Three lawmakers have been added to a committee that has been considering a controversial bill that would scale back how much households with solar panels are reimbursed for producing excess energy for the electrical grid.

The move might help extend the life of the legislation, which has had trouble passing out of the House Natural Resources and Energy Committee.

Tom Fitzgerald, an environmental activist and attorney with the Kentucky Resources Council, called the move “highly unusual.”

“I think the more the merrier, but the motivation as I understand was in fact to get a troubled bill out of committee,” Fitzgerald said. “And it is a bill that does not deserve or need to be passed out of committee.”

House Bill 227 would reduce the value of credits received by households and businesses that participate in Kentucky’s “net metering” program, which rewards solar generators for producing extra energy that is pumped back out onto the grid to be used by other customers.
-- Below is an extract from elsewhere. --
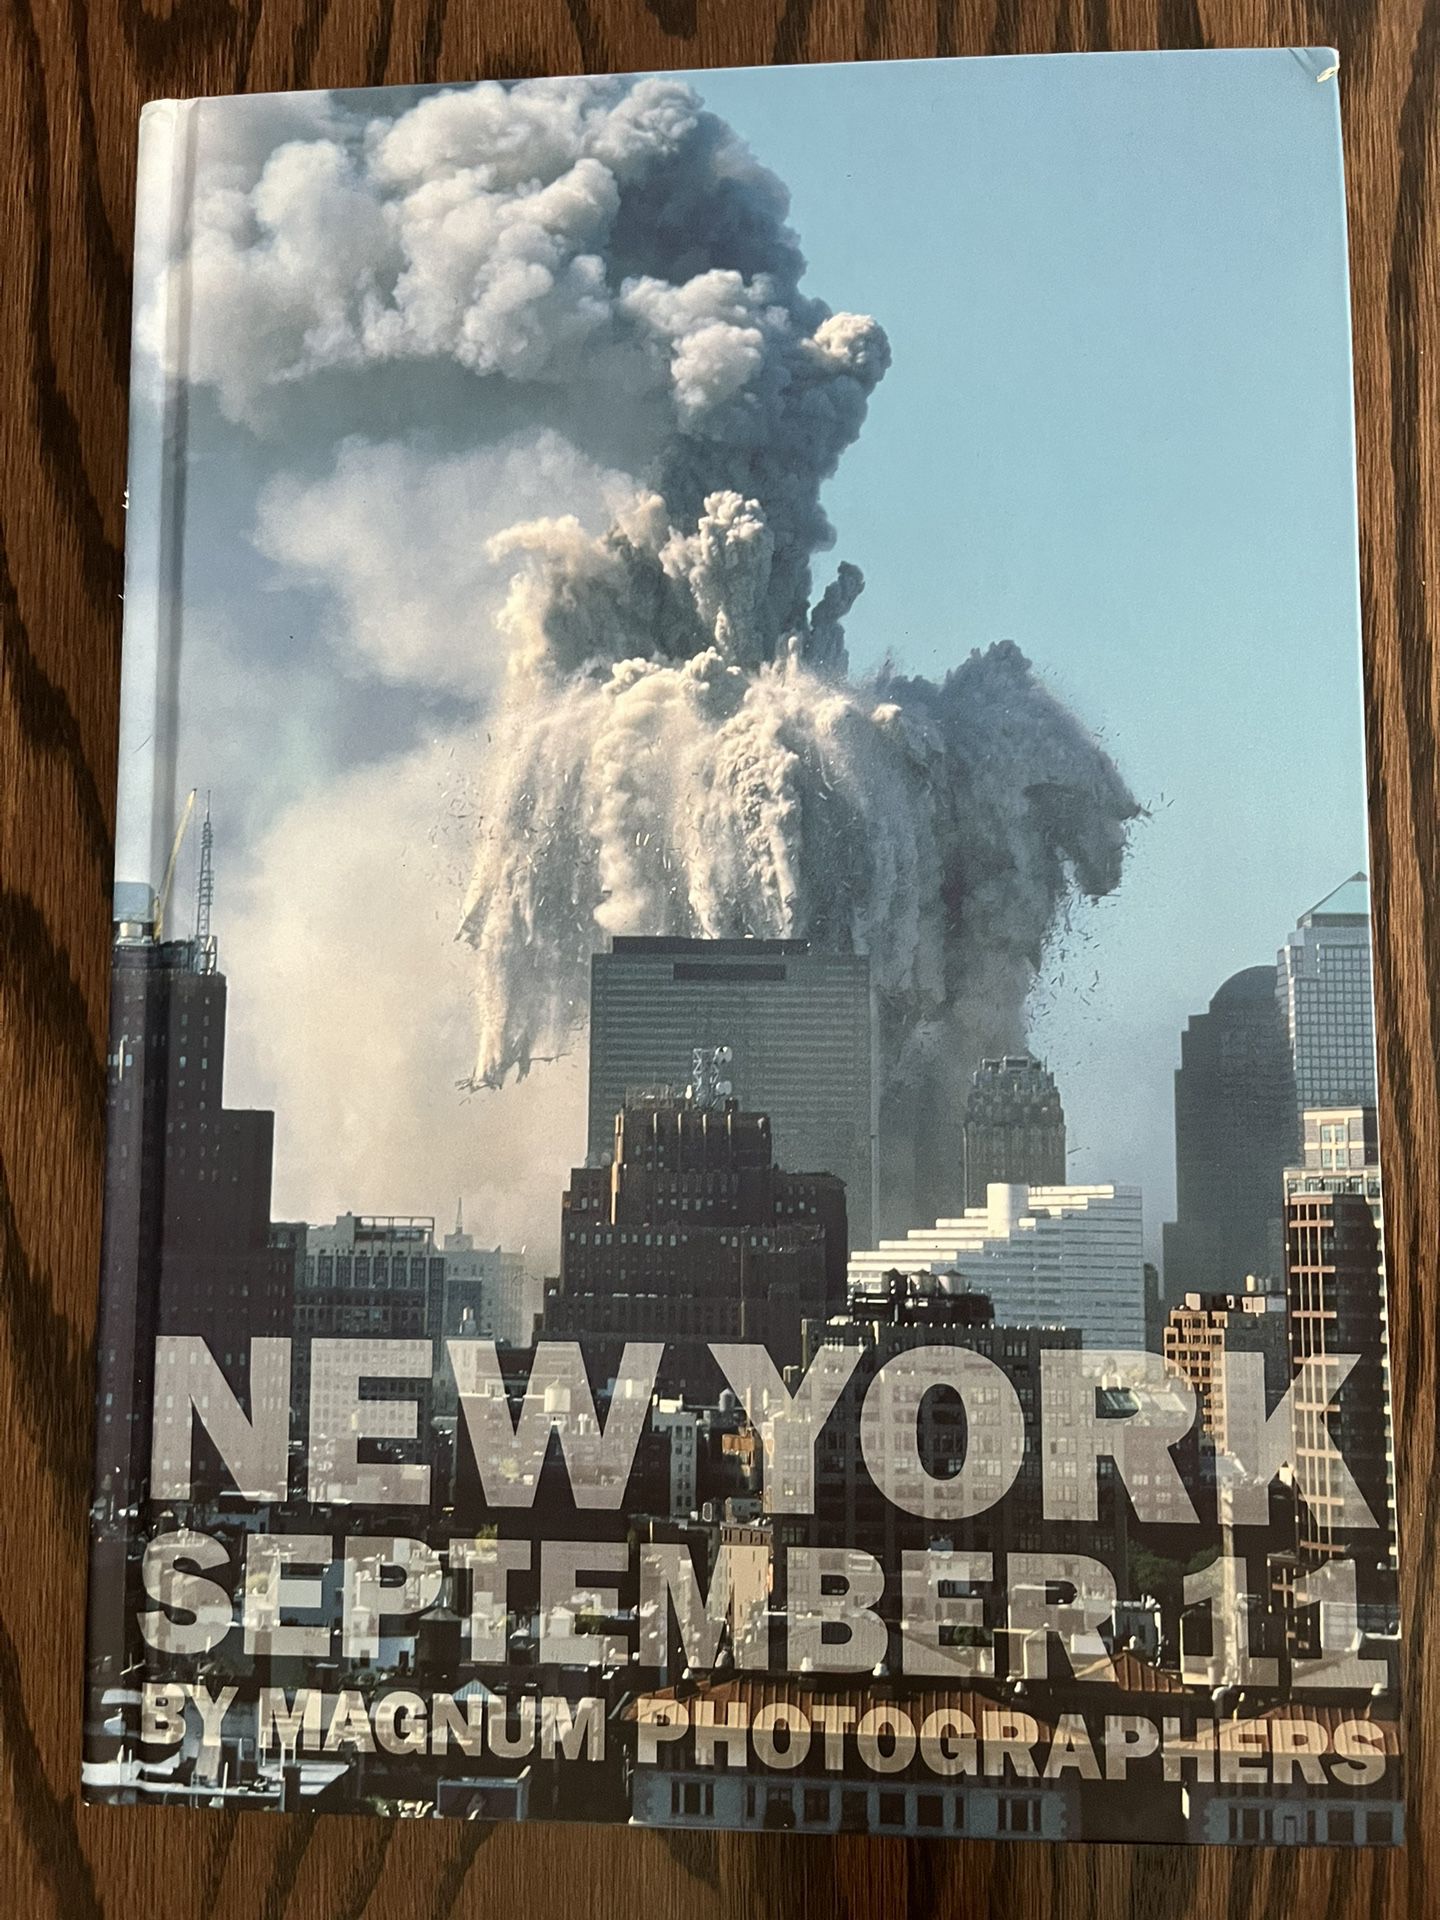 New York September 11 Book
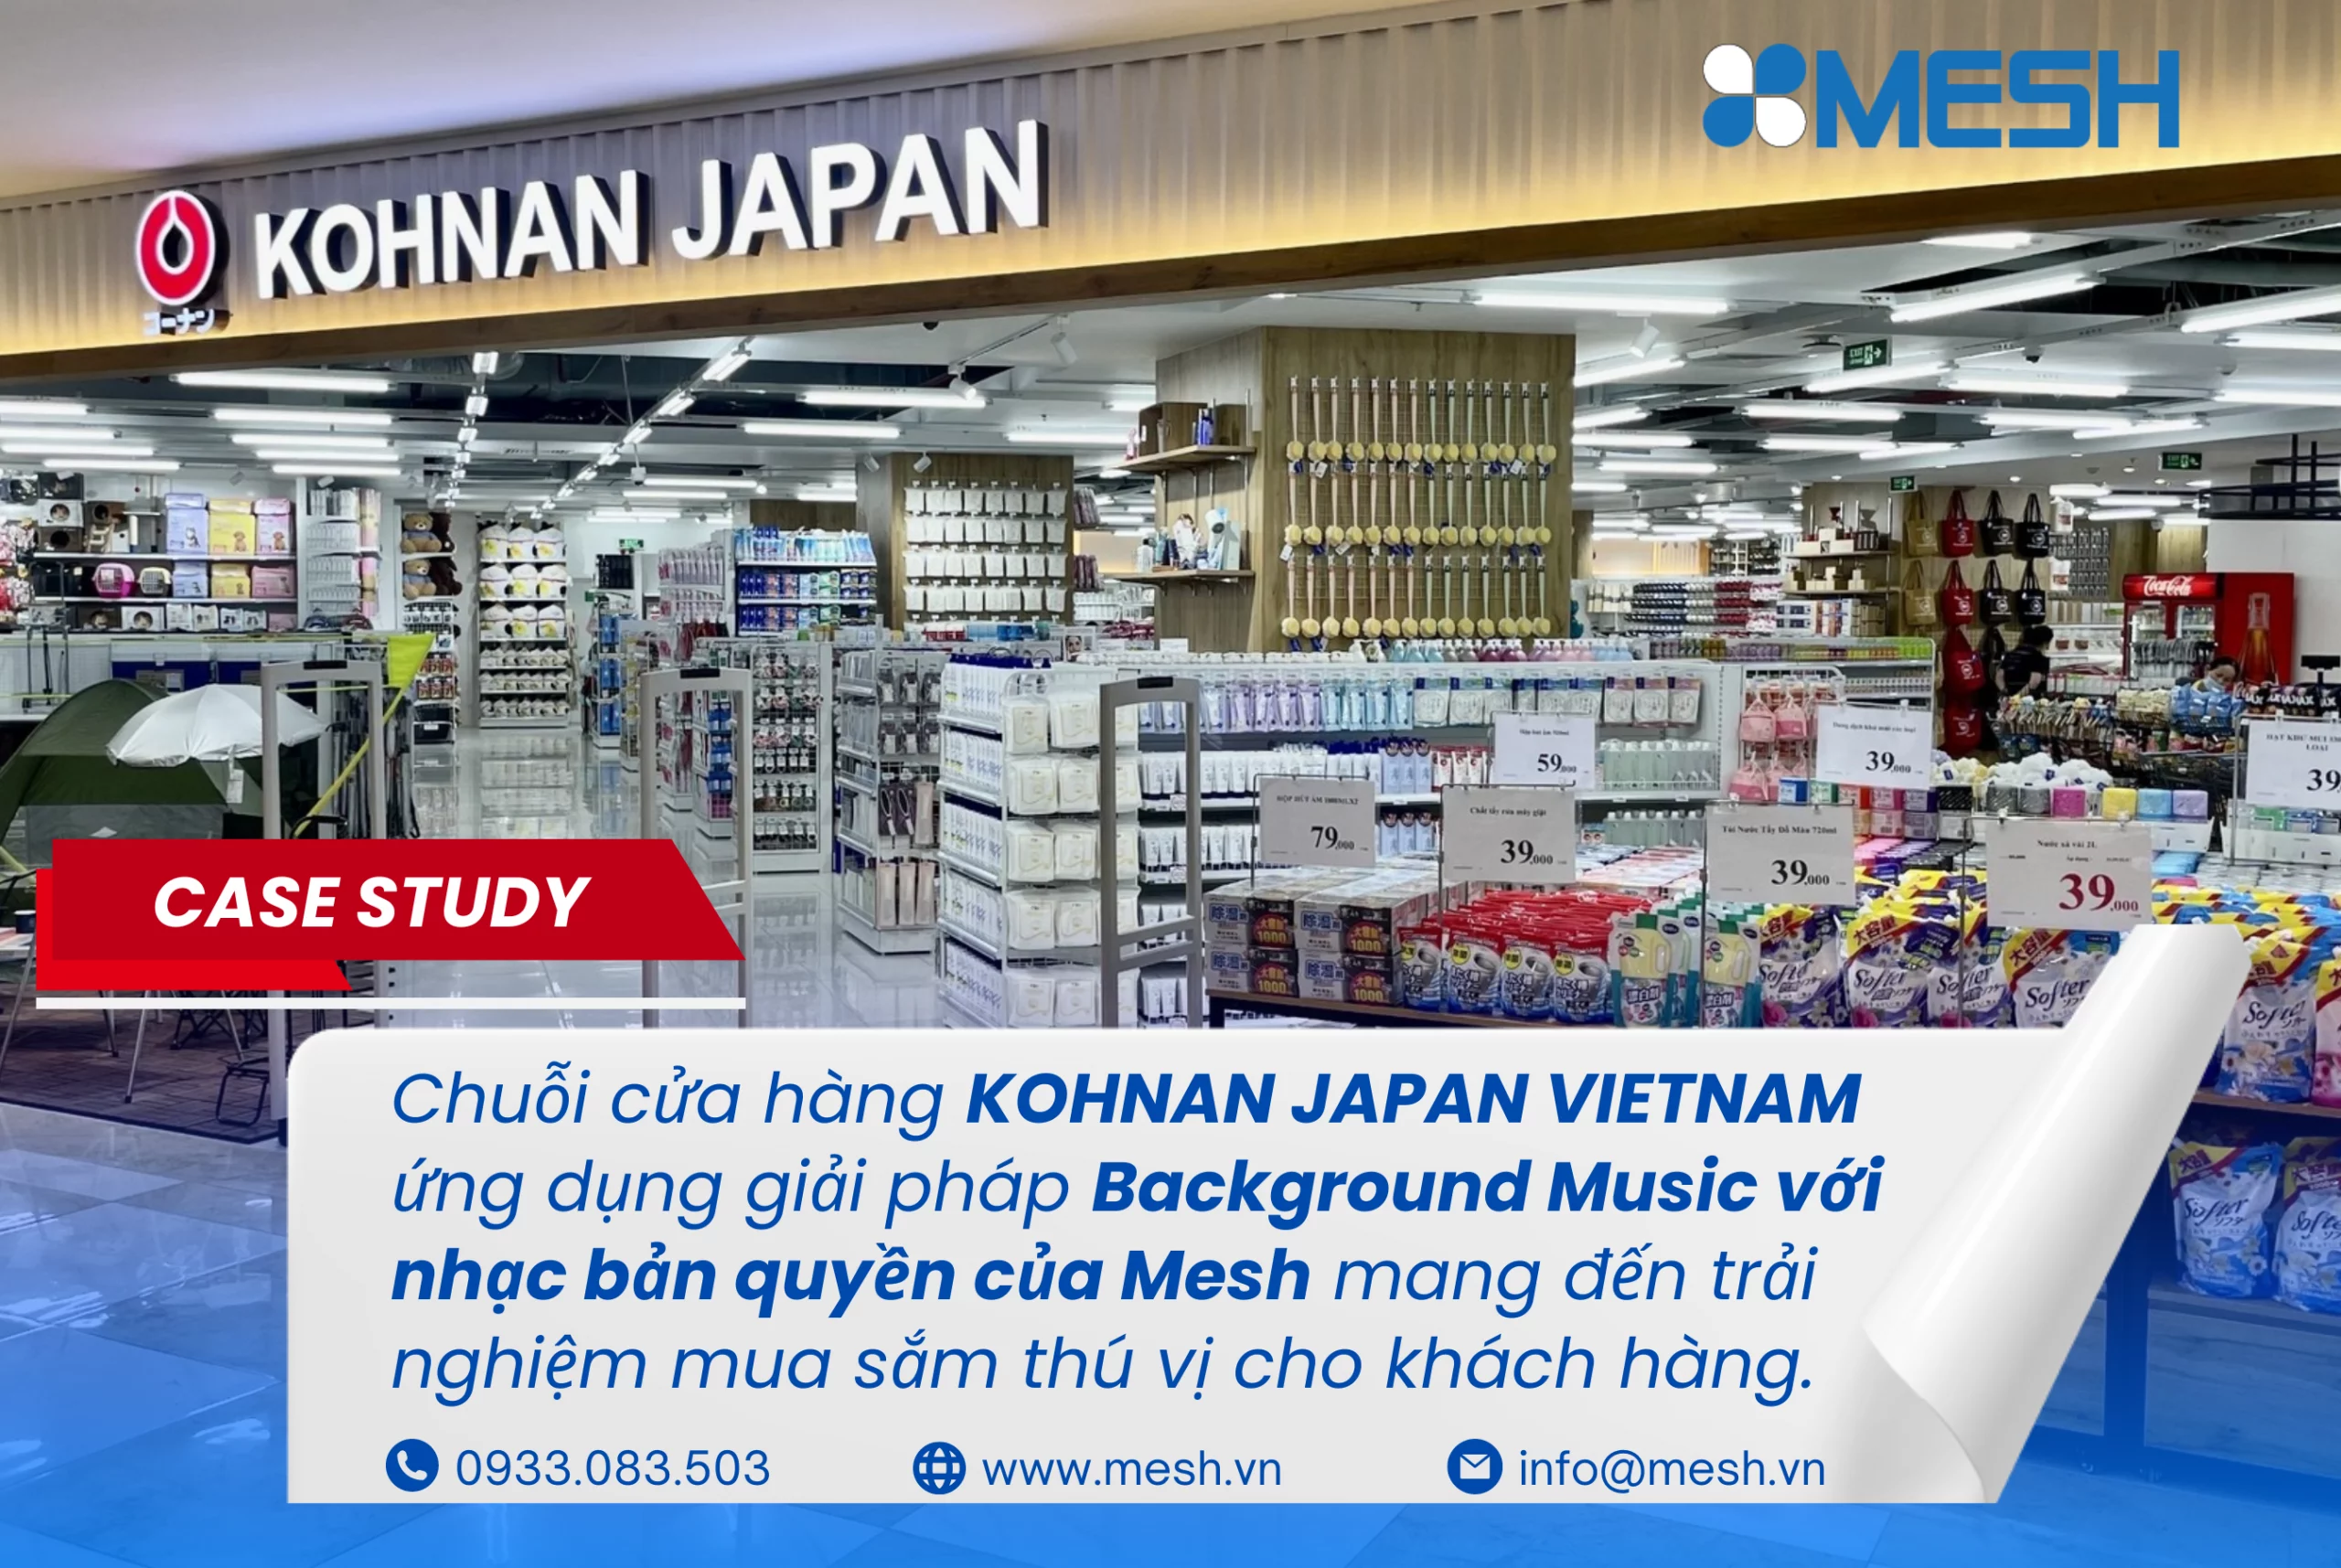 Chuỗi cửa hàng KOHNAN JAPAN VIETNAM ứng dụng giải pháp Background Music với nhạc bản quyền của Mesh mang đến trải nghiệm mua sắm thú vị cho khách hàng

Those credits are equal to the retail price of power and can be applied to future electricity bills, but the legislation would devalue the credits by about two-thirds to the wholesale price of power.

The bill has twice been slated for a vote out of the House Natural Resources and Energy Committee, but hasn’t advanced yet — possibly signaling that the bill hasn’t had enough votes to pass.

Committee chair Republican Rep. Jim Gooch of Providence did not respond to a request for comment on the addition of three members to the committee, though Courier Journal reported that he added the members to have more representation from western Kentucky lawmakers.

The new members include two Republicans and one Democrat — GOP Reps. Robby Mills of Henderson and Myron Dossett of Pembroke, and Democratic Rep. Rick Nelson of Middlesboro.

Speaker Pro Tem David Osborne, a Republican from Prospect, said new members were added because absences had prevented the committee from having enough votes to legally vote on bills.

“He had had a couple of meetings where he was having a hard time getting a quorum and keeping a quorum and so apparently because of scheduling conflicts he had just requested a couple members,” Osborne said.

Electric utilities argue that the current net metering scheme forces them to pay solar households too much for generating excess energy, saying that crediting with the retail rate of power doesn’t account for expenses like infrastructure and personnel.

There are about 1,000 net metering households in Kentucky.

Last year lawmakers considered a similar bill that would have changed the reimbursement rates for future customers. It was discussed in committee, but never voted on.